▶ _Exercise prompt_:
Retype all of the listing exactly, with no pictures.

▶ _Given material_:
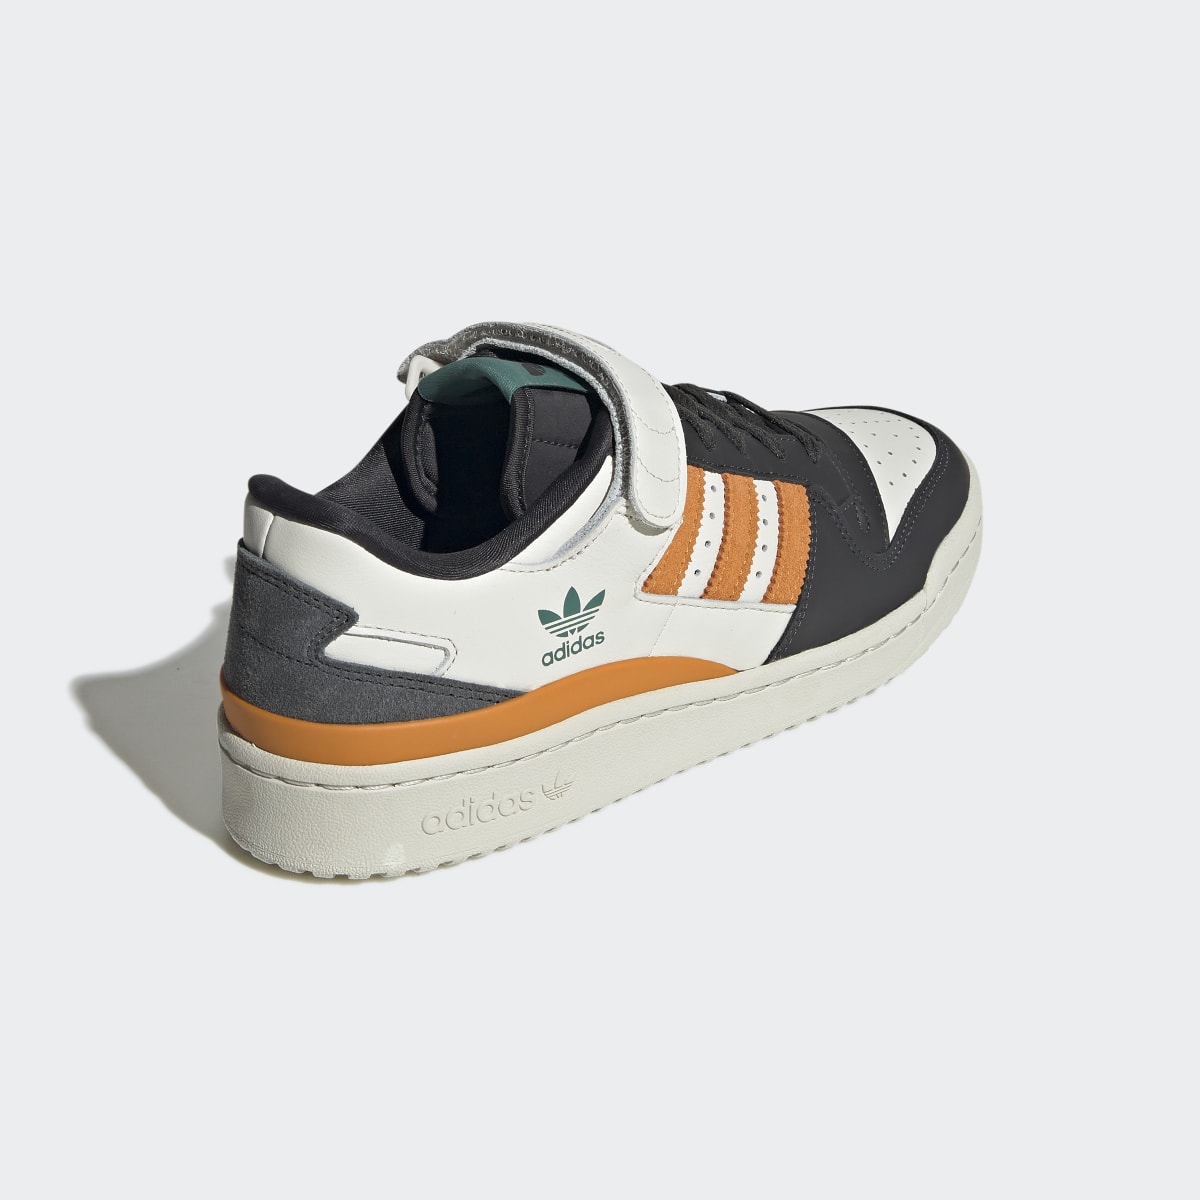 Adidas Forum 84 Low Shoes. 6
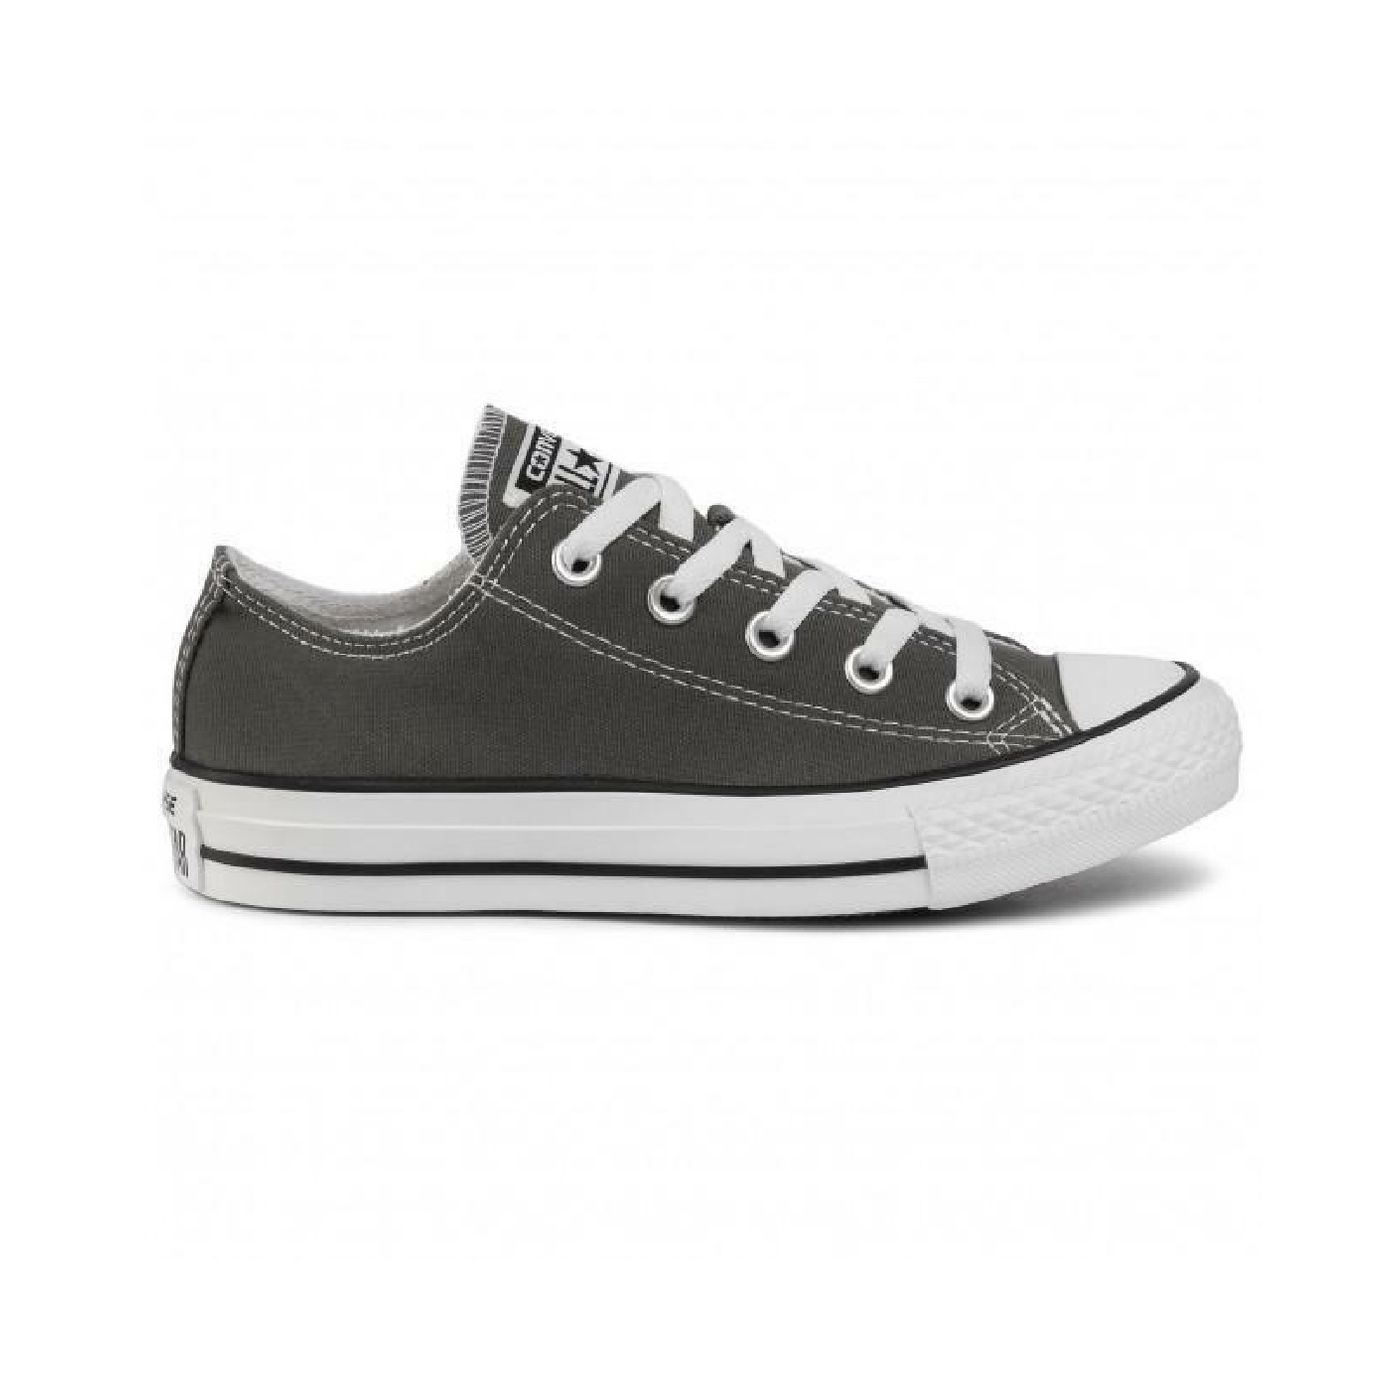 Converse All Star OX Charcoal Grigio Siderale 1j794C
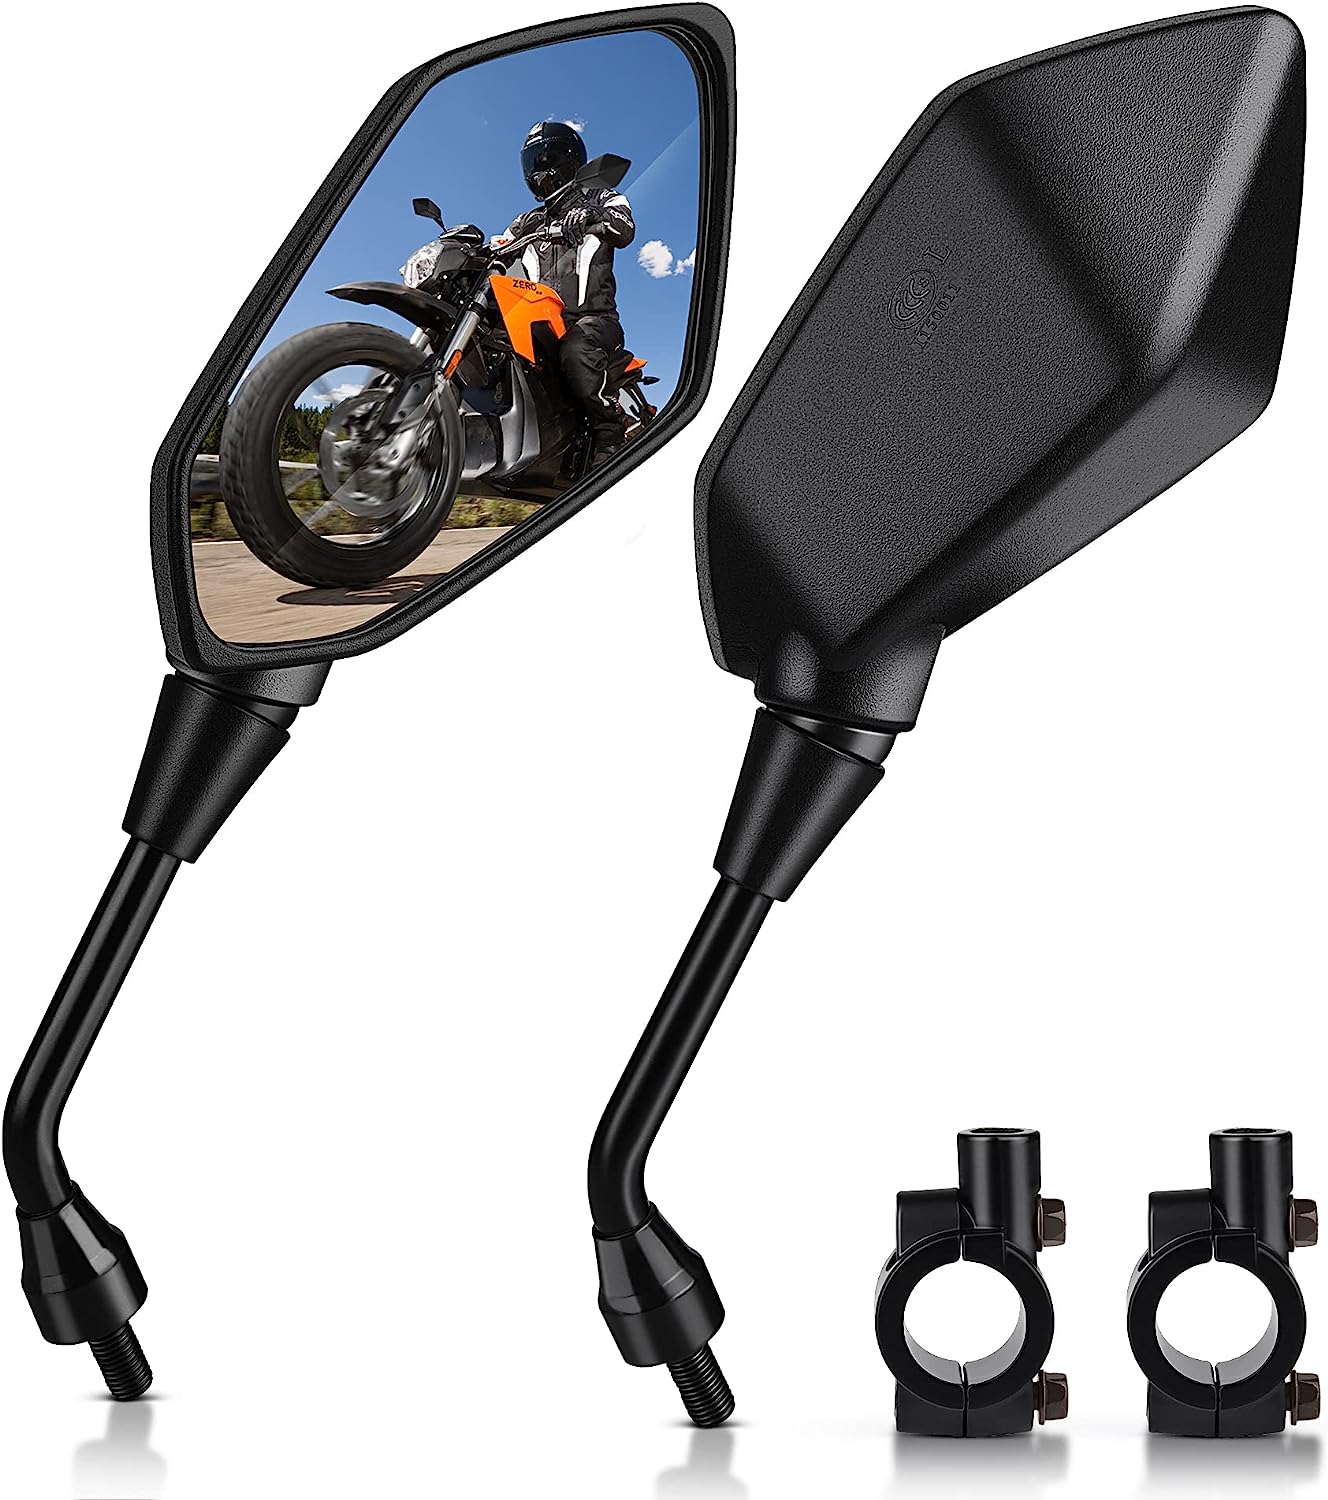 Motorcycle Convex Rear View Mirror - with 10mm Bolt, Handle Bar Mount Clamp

▶ _Response box_:
 Adidas Forum 84 Low Shoes. 6
 Converse All Star OX Charcoal Grigio Siderale 1j794C
 Motorcycle Convex Rear View Mirror - with 10mm Bolt, Handle Bar Mount Clamp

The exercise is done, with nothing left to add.